◆ Given data ◆
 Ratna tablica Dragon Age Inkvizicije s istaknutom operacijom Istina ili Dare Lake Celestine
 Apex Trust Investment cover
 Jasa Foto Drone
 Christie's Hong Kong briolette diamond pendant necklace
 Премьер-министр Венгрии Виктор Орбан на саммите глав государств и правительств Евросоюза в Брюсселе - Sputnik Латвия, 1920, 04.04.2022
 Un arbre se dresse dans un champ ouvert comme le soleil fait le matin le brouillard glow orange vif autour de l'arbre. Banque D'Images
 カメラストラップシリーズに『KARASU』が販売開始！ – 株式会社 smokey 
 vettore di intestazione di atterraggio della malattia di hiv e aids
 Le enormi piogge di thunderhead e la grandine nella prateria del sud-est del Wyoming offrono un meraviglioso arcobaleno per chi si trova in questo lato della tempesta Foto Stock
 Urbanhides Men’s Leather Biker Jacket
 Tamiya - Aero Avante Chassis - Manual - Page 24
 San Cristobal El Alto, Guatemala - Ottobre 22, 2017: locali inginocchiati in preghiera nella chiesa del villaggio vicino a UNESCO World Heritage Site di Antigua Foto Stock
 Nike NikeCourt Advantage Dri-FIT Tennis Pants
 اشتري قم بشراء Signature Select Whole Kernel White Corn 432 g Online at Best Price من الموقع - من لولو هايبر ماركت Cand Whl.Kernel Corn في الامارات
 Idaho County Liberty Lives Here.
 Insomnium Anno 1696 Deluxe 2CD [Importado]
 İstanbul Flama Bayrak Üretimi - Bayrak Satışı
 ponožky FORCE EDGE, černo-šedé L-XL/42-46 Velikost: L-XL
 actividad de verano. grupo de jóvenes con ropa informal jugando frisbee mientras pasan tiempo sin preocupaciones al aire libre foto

◆ Instructions for the task ◆
Retype the records in their entirety, matching each one exactly.

◆ Answer for this exercise ◆
 Ratna tablica Dragon Age Inkvizicije s istaknutom operacijom Istina ili Dare Lake Celestine
 Apex Trust Investment cover
 Jasa Foto Drone
 Christie's Hong Kong briolette diamond pendant necklace
 Премьер-министр Венгрии Виктор Орбан на саммите глав государств и правительств Евросоюза в Брюсселе - Sputnik Латвия, 1920, 04.04.2022
 Un arbre se dresse dans un champ ouvert comme le soleil fait le matin le brouillard glow orange vif autour de l'arbre. Banque D'Images
 カメラストラップシリーズに『KARASU』が販売開始！ – 株式会社 smokey 
 vettore di intestazione di atterraggio della malattia di hiv e aids
 Le enormi piogge di thunderhead e la grandine nella prateria del sud-est del Wyoming offrono un meraviglioso arcobaleno per chi si trova in questo lato della tempesta Foto Stock
 Urbanhides Men’s Leather Biker Jacket
 Tamiya - Aero Avante Chassis - Manual - Page 24
 San Cristobal El Alto, Guatemala - Ottobre 22, 2017: locali inginocchiati in preghiera nella chiesa del villaggio vicino a UNESCO World Heritage Site di Antigua Foto Stock
 Nike NikeCourt Advantage Dri-FIT Tennis Pants
 اشتري قم بشراء Signature Select Whole Kernel White Corn 432 g Online at Best Price من الموقع - من لولو هايبر ماركت Cand Whl.Kernel Corn في الامارات
 Idaho County Liberty Lives Here.
 Insomnium Anno 1696 Deluxe 2CD [Importado]
 İstanbul Flama Bayrak Üretimi - Bayrak Satışı
 ponožky FORCE EDGE, černo-šedé L-XL/42-46 Velikost: L-XL
 actividad de verano. grupo de jóvenes con ropa informal jugando frisbee mientras pasan tiempo sin preocupaciones al aire libre foto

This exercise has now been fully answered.